【发布时间】:2014-06-29 11:59:51
【问题描述】:
我正在学习有关并行编程的 Udacity 课程(作业 3),但无法弄清楚为什么我无法使用并行归约来获得数组中的最大值(Udacity 论坛尚未提供解决方案)。我很确定我已经正确设置了数组并且算法是正确的。我怀疑我的内存管理有问题(访问越界、数组大小不正确、相互复制)。请帮忙!我在 Udacity 环境中运行它,而不是在本地运行。下面是我目前正在使用的代码。出于某种原因,当我将 fmaxf 更改为 fminf 时,它确实找到了最小值。

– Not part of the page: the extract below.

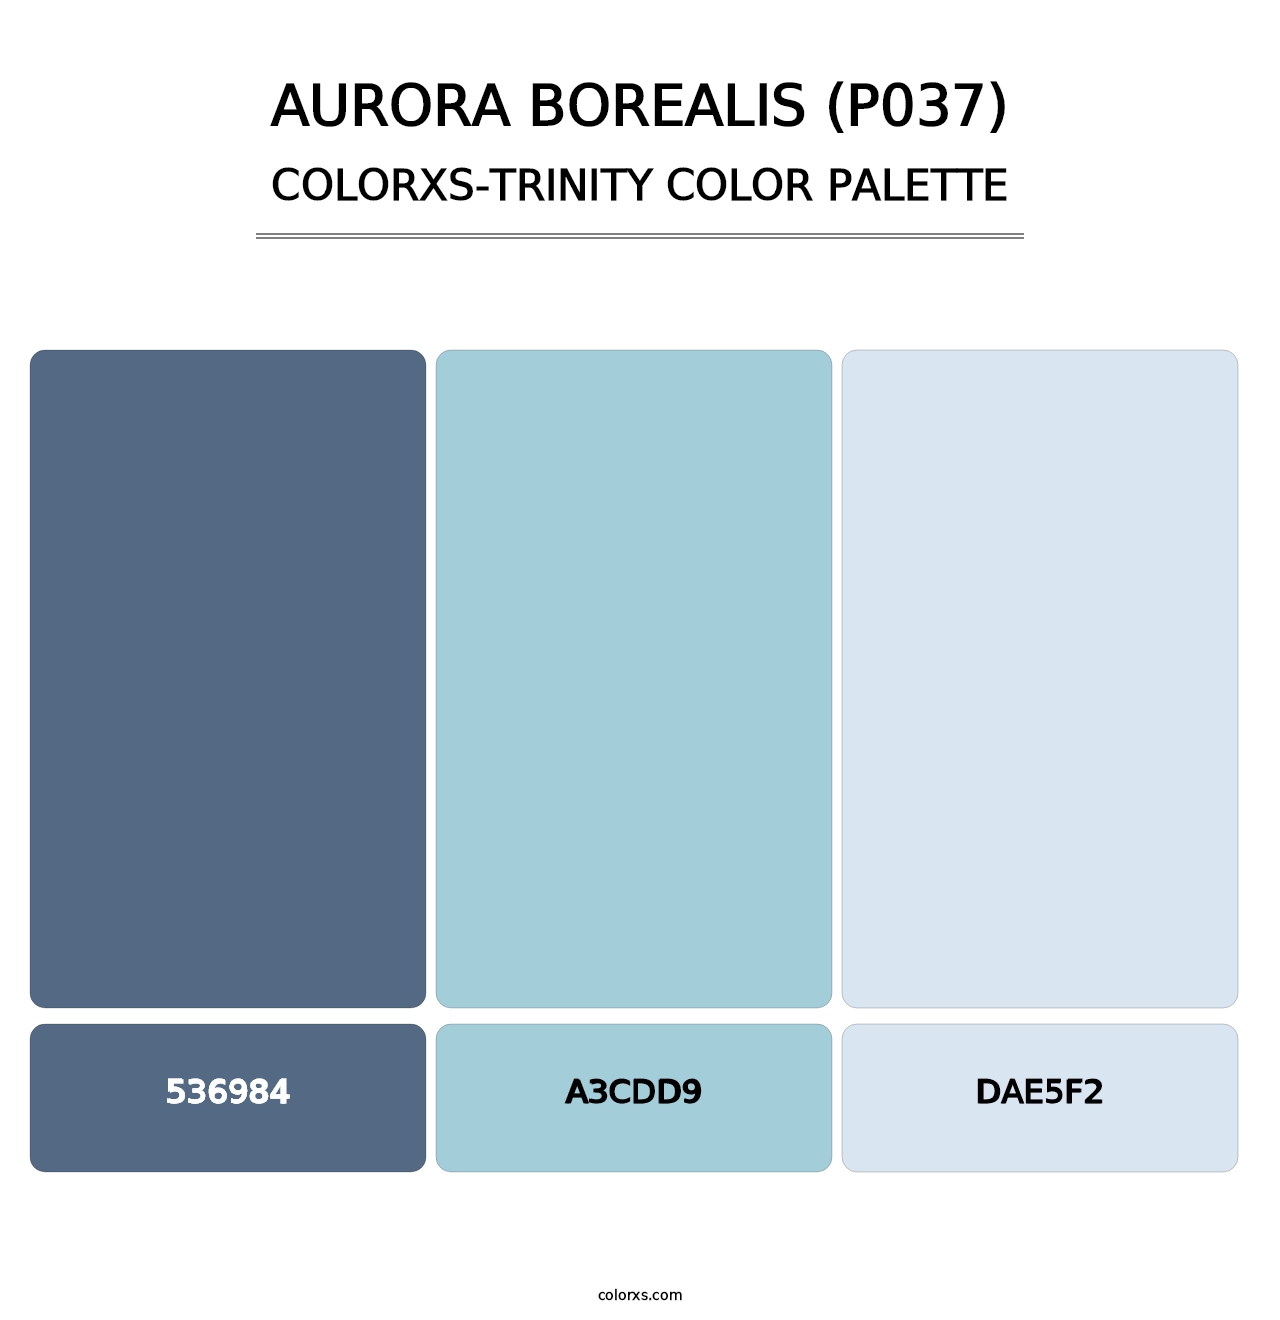 Aurora Borealis (P037) - Colorxs Trinity Palette

#include "reference_calc.cpp"
#include "utils.h"
#include "math.h"
#include <stdio.h>
#include <cmath>
__global__ void reduce_max_kernel(float *d_out, const float *d_logLum, int size) {
// Reduce log Lum with Max Operator
int myId = threadIdx.x + blockDim.x * blockIdx.x;
int tid = threadIdx.x;
extern __shared__ float temp[];
if (myId < size) {
temp[tid] = d_logLum[myId];
}
else {
temp[tid] = d_logLum[tid];
}
for (unsigned int s = blockDim.x / 2; s > 0; s >>= 1) {
if (tid < s) {
if (myId < size) {
temp[tid] = fmaxf(d_logLum[myId + s], d_logLum[myId]);
} else {
temp[tid] = d_logLum[tid];
}
}
__syncthreads();
}
if (tid == 0) {
d_out[blockIdx.x] = temp[0];
}
}
__global__ void reduce_max_kernel2(float *d_out, float *d_in) {
// Reduce log Lum with Max Operator
int myId = threadIdx.x + blockDim.x * blockIdx.x;
int tid = threadIdx.x;
for (unsigned int s = blockDim.x >> 1; s > 0; s >>= 1) {
if (tid < s) {
d_in[myId] = fmaxf(d_in[myId + s], d_in[myId]);
}
__syncthreads();
}
if (tid == 0) {
d_out[0] = d_in[0];
}
}
void your_histogram_and_prefixsum(const float* const d_logLuminance,
unsigned int* const d_cdf,
float &min_logLum,
float &max_logLum,
const size_t numRows,
const size_t numCols,
const size_t numBins)
{
//TODO
/*Here are the steps you need to implement
1) find the minimum and maximum value in the input logLuminance channel
store in min_logLum and max_logLum
2) subtract them to find the range
3) generate a histogram of all the values in the logLuminance channel using
the formula: bin = (lum[i] - lumMin) / lumRange * numBins
4) Perform an exclusive scan (prefix sum) on the histogram to get
the cumulative distribution of luminance values (this should go in the
incoming d_cdf pointer which already has been allocated for you) */
//int size = 1 << 18;
int points = numRows * numCols;
int logPoints = ceil(log(points)/log(2));
int sizePow = logPoints;
int size = pow(2, sizePow);
int numThreads = 1024;
int numBlocks = size / numThreads;
float *d_out;
float *d_max_out;
checkCudaErrors(cudaMalloc((void **) &d_out, numBlocks * sizeof(float)));
checkCudaErrors(cudaMalloc((void **) &d_max_out, sizeof(float)));
cudaDeviceSynchronize();
reduce_max_kernel<<<numBlocks, numThreads, sizeof(float)*numThreads>>>(d_out, d_logLuminance, points);
cudaDeviceSynchronize();
reduce_max_kernel2<<<1, numBlocks>>>(d_max_out, d_out);
float h_out_max;
checkCudaErrors(cudaMemcpy(&h_out_max, d_max_out, sizeof(float), cudaMemcpyDeviceToHost));
printf("%f\n", h_out_max);
checkCudaErrors(cudaFree(d_max_out));
checkCudaErrors(cudaFree(d_out));
}
【问题讨论】:
-
如果您需要帮助调试您的代码,我们需要查看其他人可以编译和运行的最短完整示例。
-
在您的
reduce_max_kernel中,通常建议在填充或修改共享内存后使用__syncthreads()。您在 reduce for 循环中拥有它,但在初始加载共享内存后(在 for 循环之前)您似乎没有。在其他线程有机会进行共享内存的初始加载之前,一些线程可能会提前进入 for 循环。此外,使用共享内存的目的是在您的 reduce-for-loop 中实际使用它。现在,您的 for 循环正在从全局而不是共享内存中加载值。那是坏的。
标签: c arrays cuda parallel-processing